Course: Supervised Learning
This project tackles a multi-class image classification task on a large food dataset (251 classes). The primary constraint was to design a highly efficient Convolutional Neural Network (CNN) from scratch with fewer than 1 million parameters. The project explores architecture design, hyperparameter optimization, and the impact of self-supervised pre-training.
We designed "TinyNet," a custom CNN architecture tailored for efficiency. The network consists of a series of convolutional blocks (convolution, GELU activation, batch normalization, max pooling) followed by a fully connected classification head. The final design successfully stayed within the 1M parameter budget while maximizing feature extraction capabilities.
To find the optimal configuration for TinyNet's layer depths and widths, we employed the Optuna framework. This automated the process of searching the hyperparameter space to find the architecture that yielded the best validation accuracy.
To improve model performance and convergence speed, we implemented a self-supervised pre-training stage.

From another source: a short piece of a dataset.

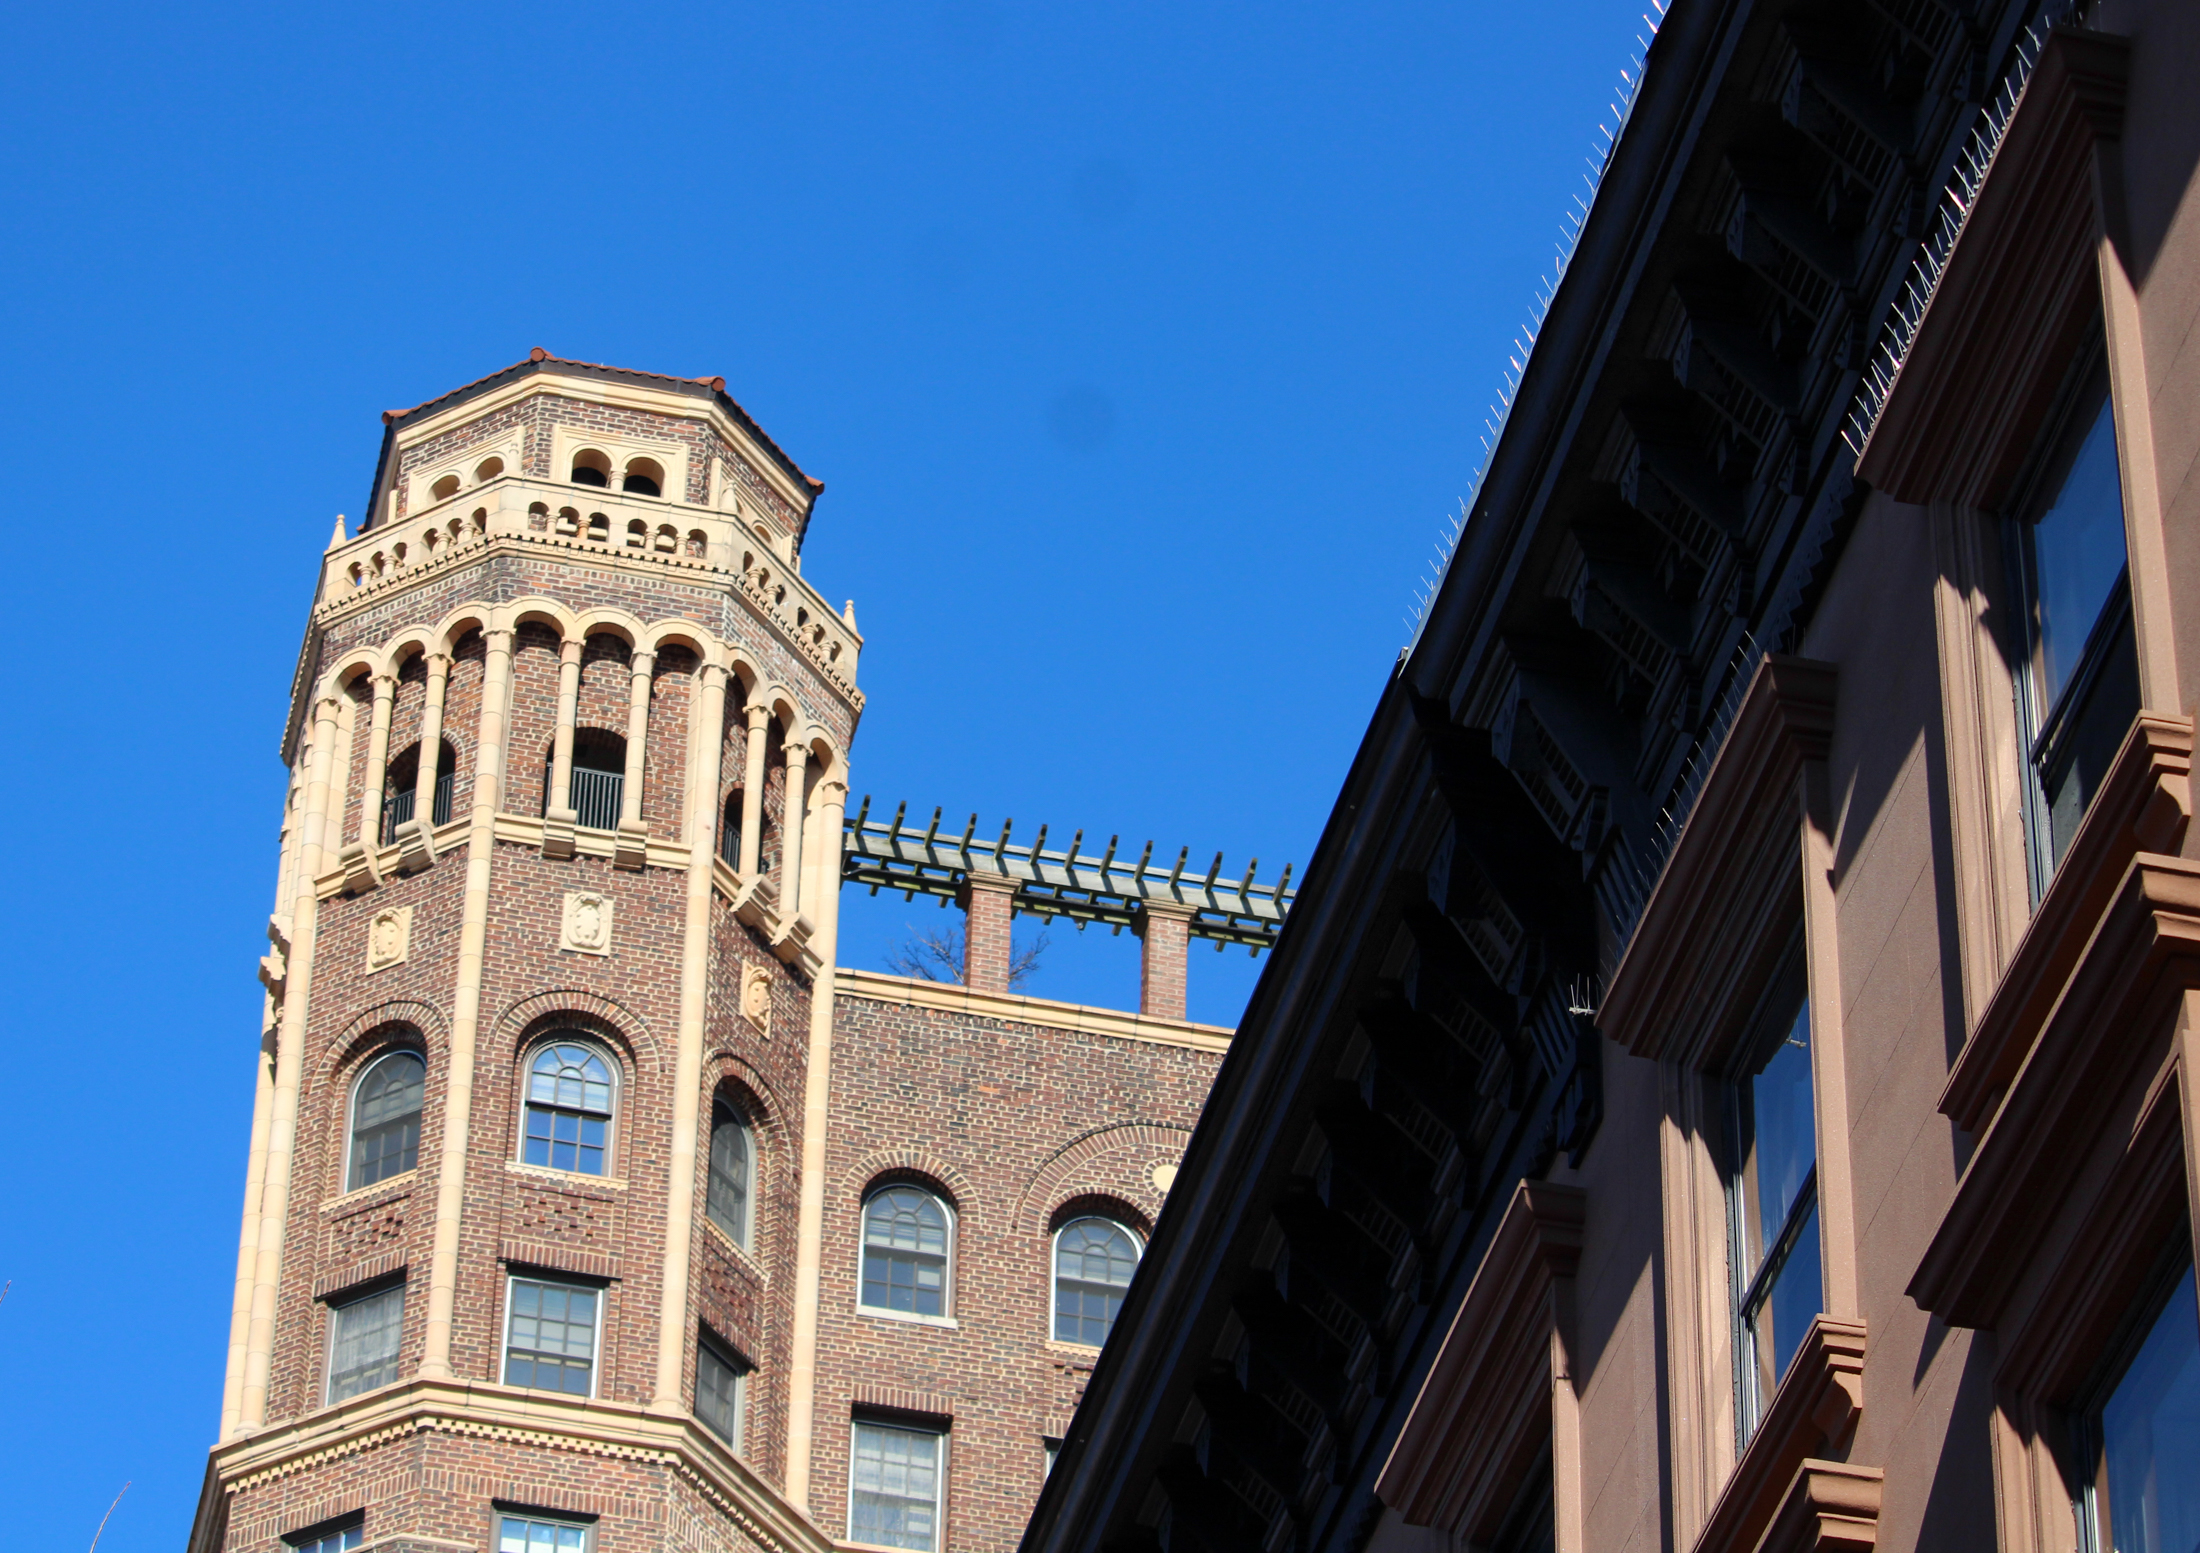 brooklyn - a brownstone and the tower fo the former Leverich Towers building

- Pretext Task: The model was trained on an image reconstruction task, where it learned to "fill in" randomly masked-out portions (black boxes) of the input images.
- Transfer Learning: The weights from the trained encoder of the reconstruction U-Net were then used to initialize the TinyNet classifier for the downstream classification task, providing a more meaningful starting point than random initialization.
- Deep Learning: Python, PyTorch
- Hyperparameter Tuning: Optuna
- Data Handling: NumPy, Pillow, Matplotlib